---------- SUPPLIED DATA ----------
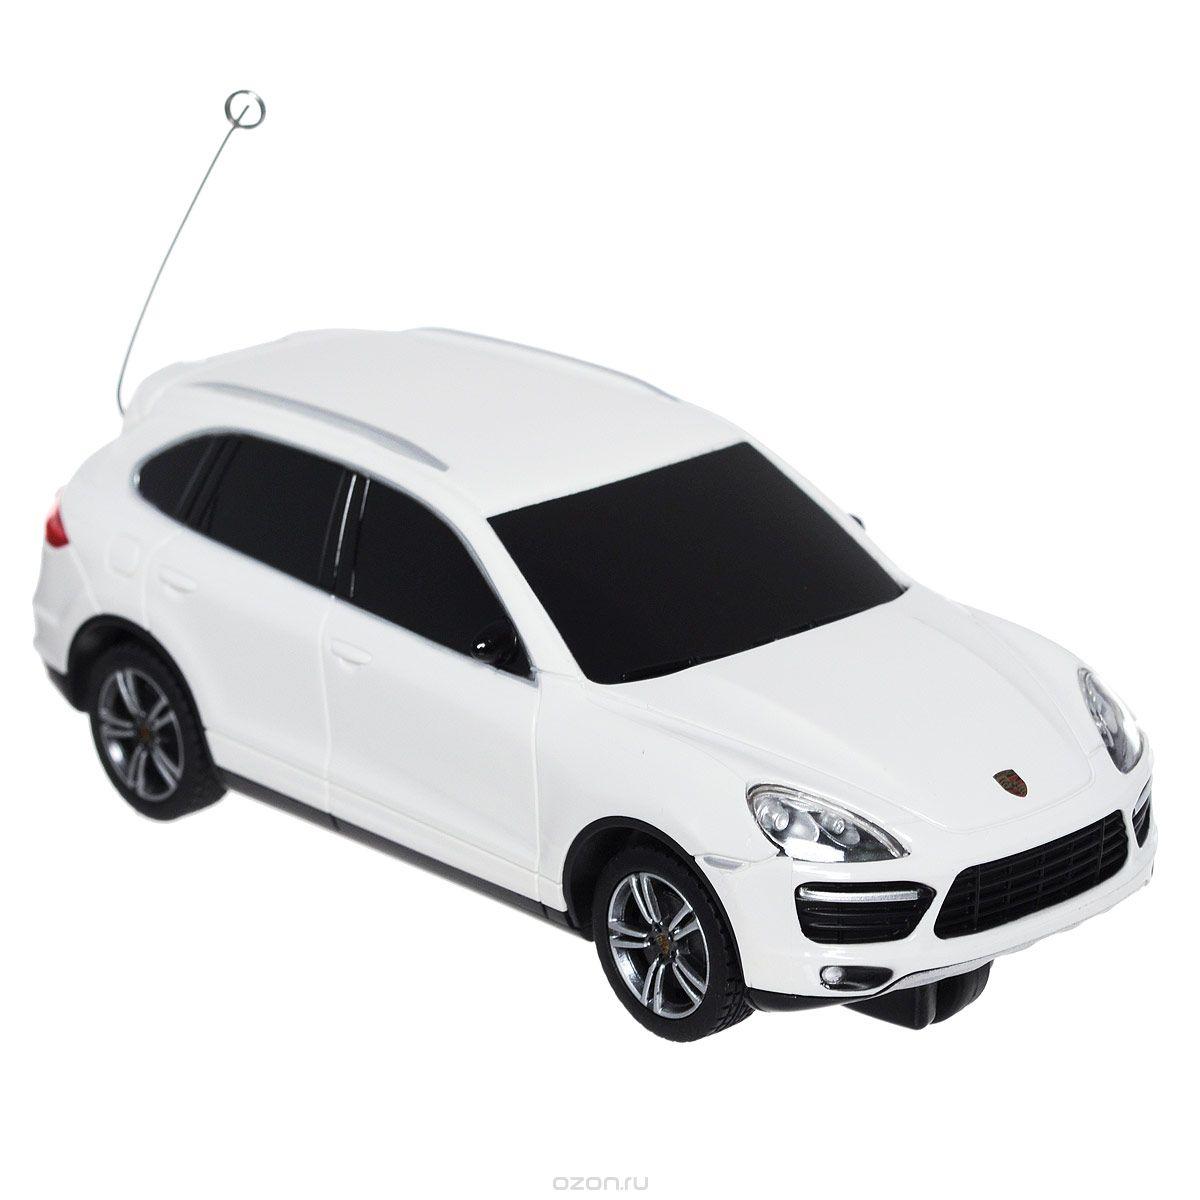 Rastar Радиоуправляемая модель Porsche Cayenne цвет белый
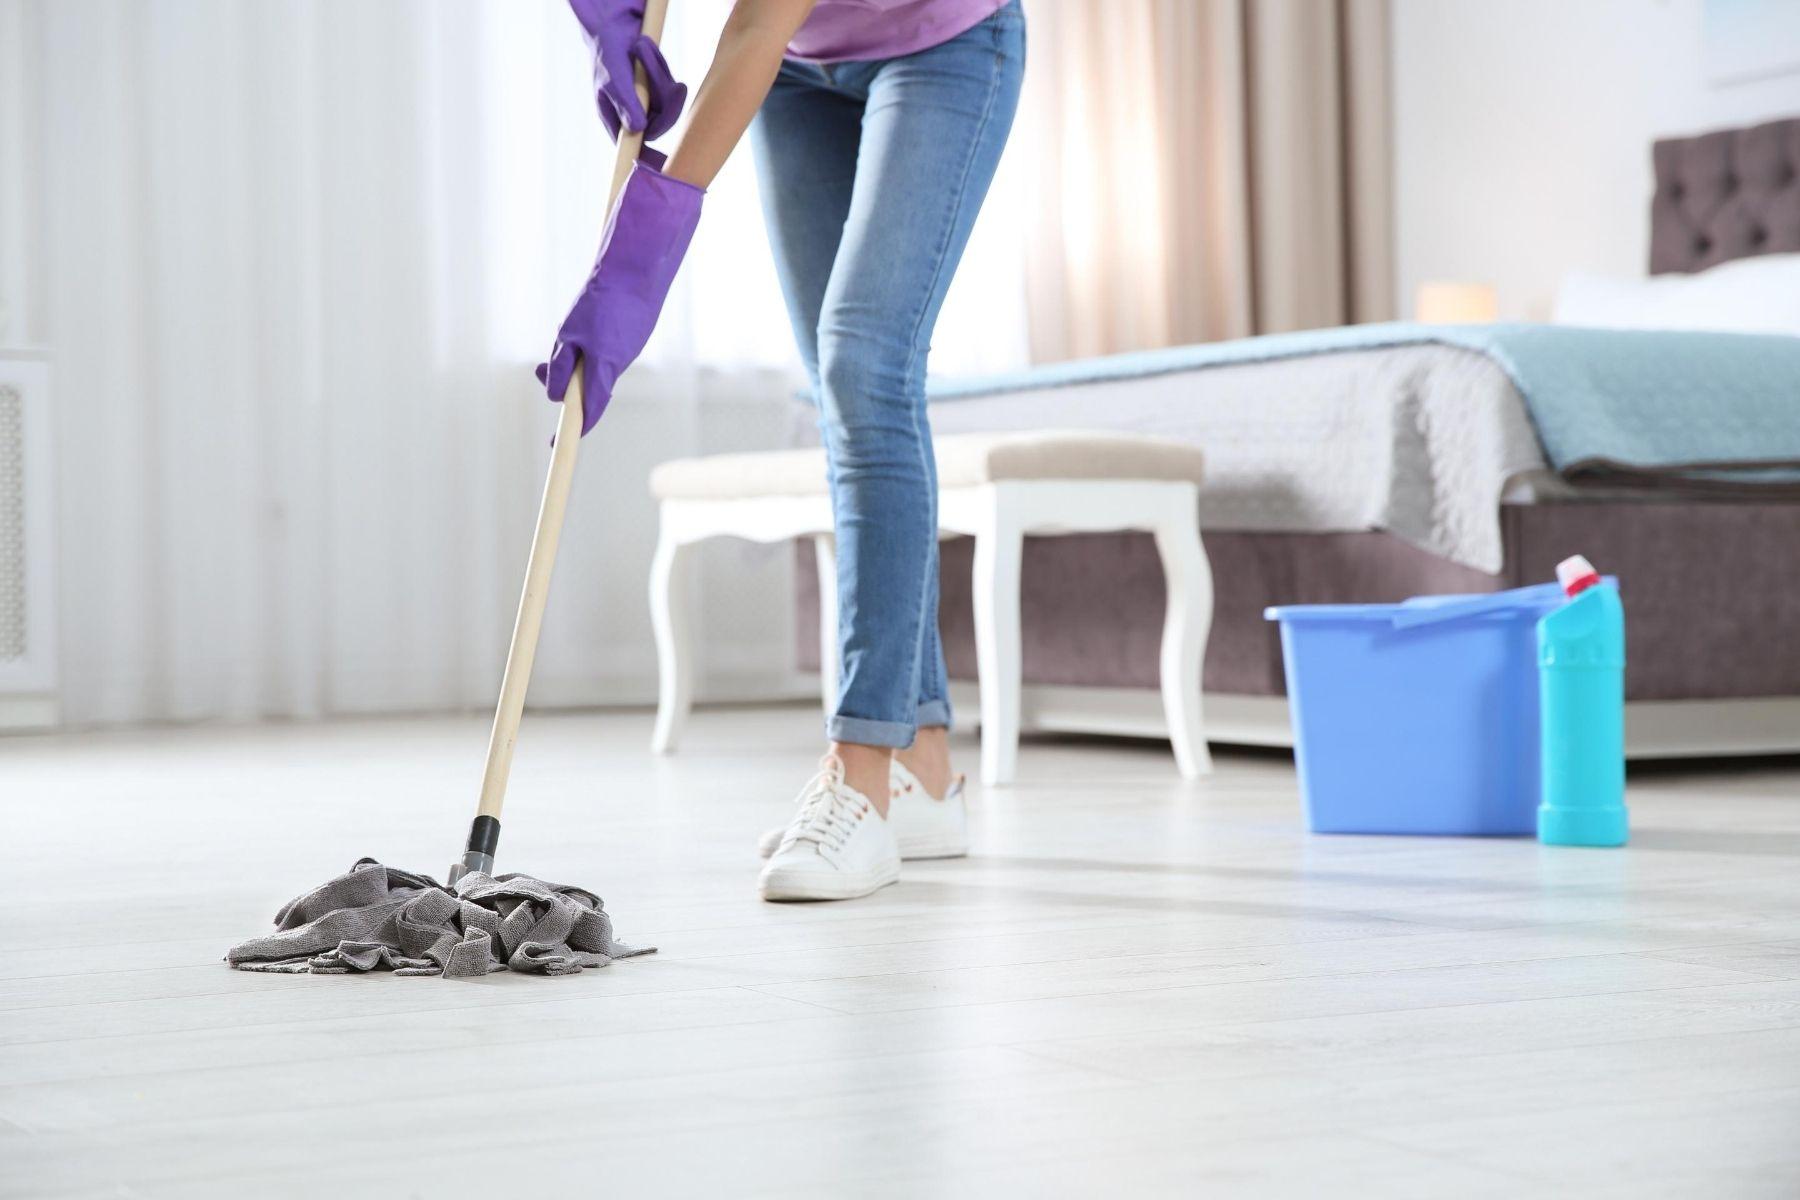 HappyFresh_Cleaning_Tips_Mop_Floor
----------
---------- SUPPLIED DATA ----------
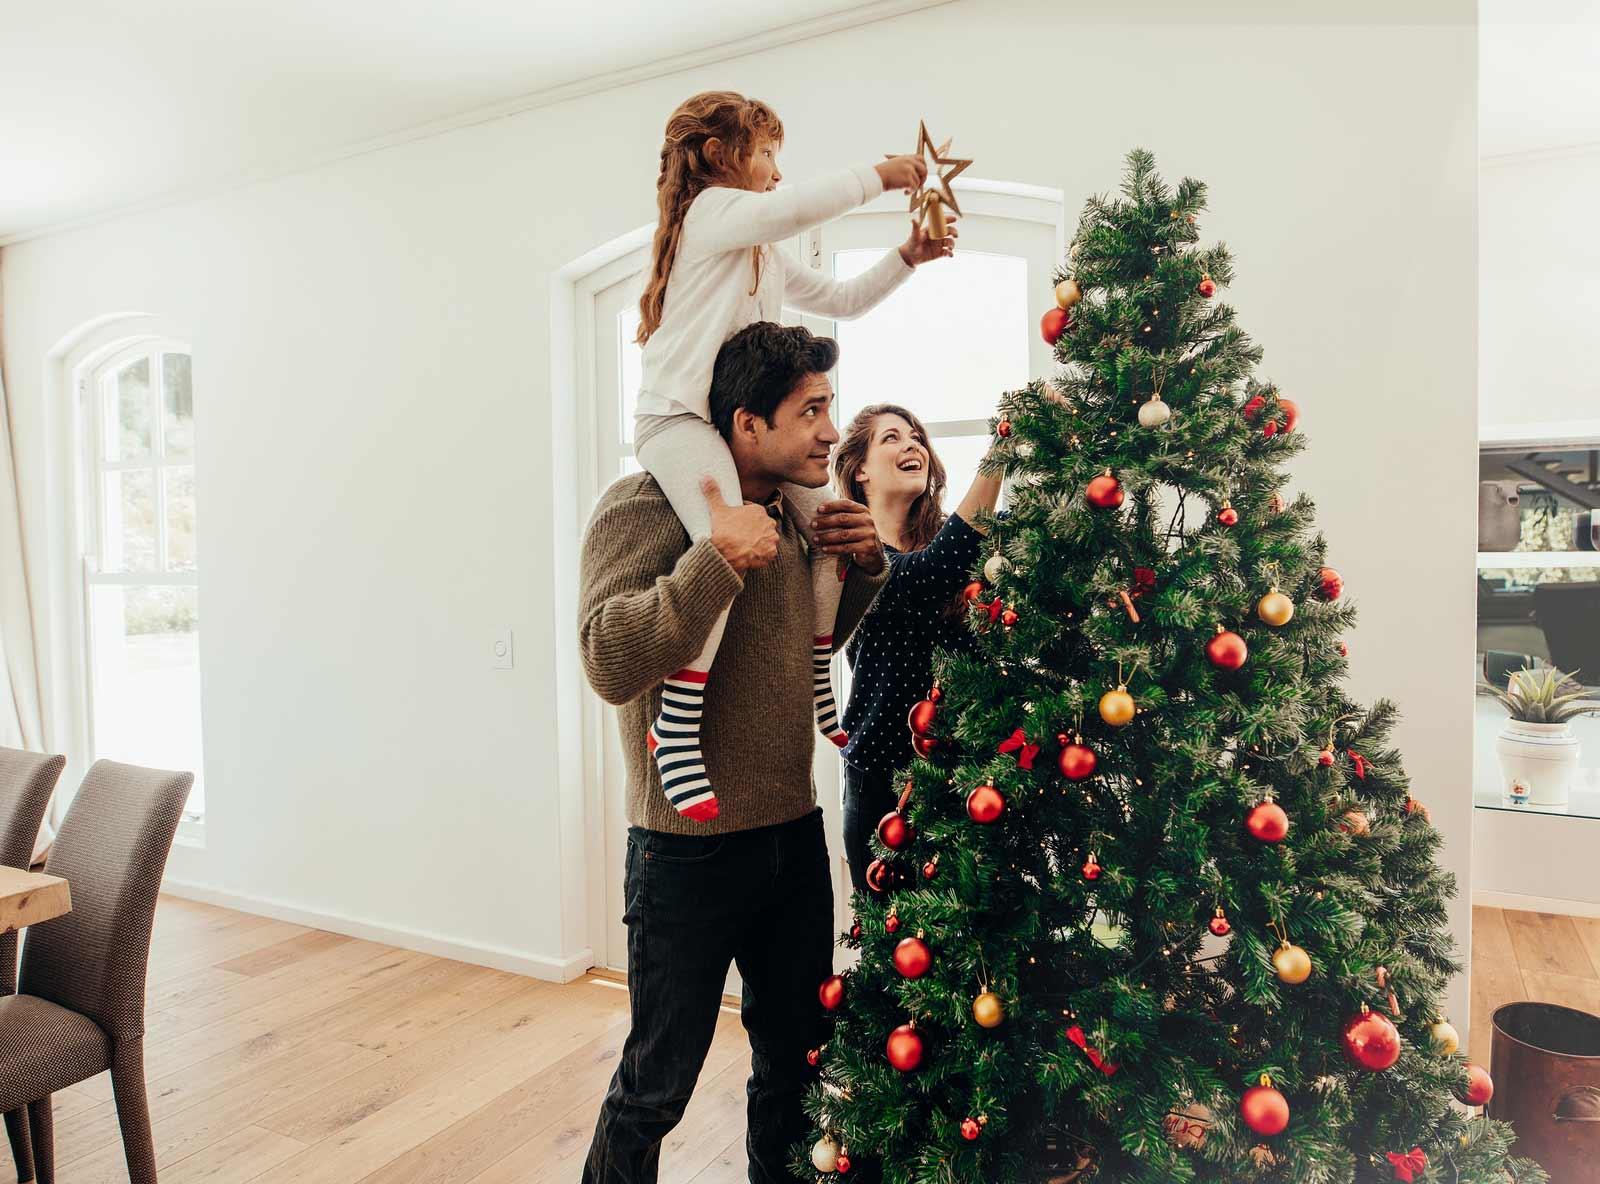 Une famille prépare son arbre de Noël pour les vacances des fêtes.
----------
-- WHAT THE TASK ASKS --
Working from the entries above, please transcribe only the lines from the line with "Rastar Радиоуправляемая модель" through the line with "HappyFresh_Cleaning_Tips_Mop_Floor", exactly, with both end lines and without pictures.

-- TASK ANSWER --
 Rastar Радиоуправляемая модель Porsche Cayenne цвет белый
 HappyFresh_Cleaning_Tips_Mop_Floor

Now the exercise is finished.